Girando su cabeza para mirar el edificio en la distancia, sus pupilas negras, obsidianas reflejaban directamente el fuego furioso que salía del almacén a lo lejos.

—Quiero cooperar con el Gremio Starlight.

Su voz era débil, pero se podía sentir la determinación en ella.

—Ahora mismo estamos cortos de manos, y no podemos ocuparnos de todos los puntos de comercio.

Si cooperamos juntos, podemos dividir nuestras fuerzas y ahorrar tiempo.

Sus palabras contenían algunas verdades y falsedades.

Cooperar juntos realmente les ahorraría tiempo a ambos, pero al mismo tiempo, la razón por la que Amanda estaba falta de fuerzas era por una razón diferente.

Jin tenía una idea, pero no dijo nada al respecto.

—Esa es una propuesta tentadora.

La voz de Jin permaneció calmada a pesar de lo que dijo.

Su siguiente respuesta vino después de deliberar unos segundos sobre la oferta de Amanda.

—Encargarse de los puntos de comercio ha sido un problema bastante molesto para nosotros.

Si no fuera por las recompensas ofrecidas por el gobierno central, ni siquiera nos habríamos molestado con eso.

—Por eso estoy ofreciendo colaborar —Amanda habló con franqueza, su arco desapareciendo de su mano—.

¿Estás dentro o no?

—Dame tiempo.

—¿Cuánto?

Una breve pausa se prolongó antes de que Jin respondiera.

—Te daré una respuesta durante el gran anuncio de la Unión la próxima semana.

Estoy seguro de que has recibido la invitación, ¿verdad?

—La he recibido.

Como una de las representantes del gremio Cazador de Demonios, Amanda había recibido de hecho una invitación de la Unión sobre un anuncio importante.

Su posición en el gremio en realidad no era tan alta ya que los ancianos se encargaban de las cosas importantes, pero una vez que llegó la invitación, todos insistieron en que ella asistiera en su lugar.

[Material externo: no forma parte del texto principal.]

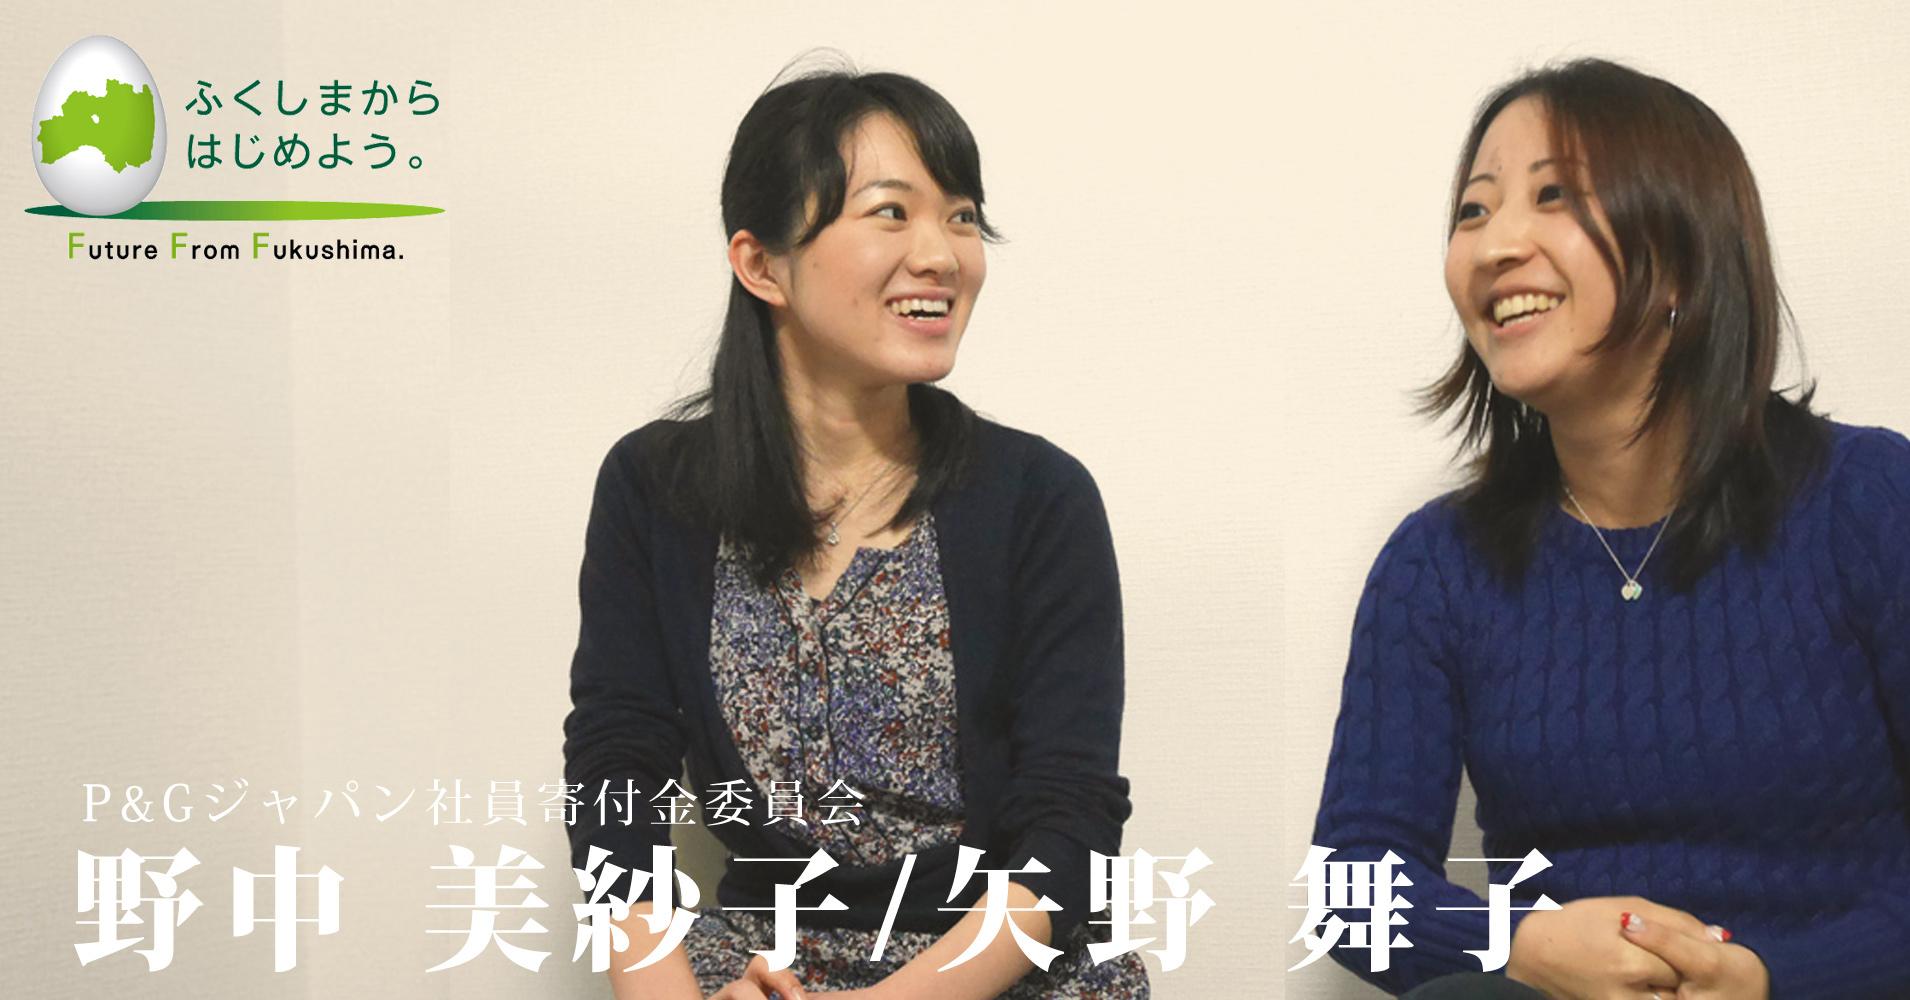 神戸から福島の人にできること。阪神淡路大震災を経験した地だからこその支援。(P&Gジャパン社員寄付基金委員会)

Dejando eso de lado, ella intentó preguntarle a Kevin de qué se trataba, pero él no sabía.

En retrospectiva, Kevin todavía era solo un recluta, así que era comprensible por qué no sabía nada.

—Te daré una respuesta para entonces.

—De acuerdo.

Después de la respuesta de Amanda, Jin terminó la llamada.

Tan pronto como Jin terminó la llamada, Amanda bajó la mano y guardó su teléfono.

Luego, dando un paso adelante, saltó desde el tejado.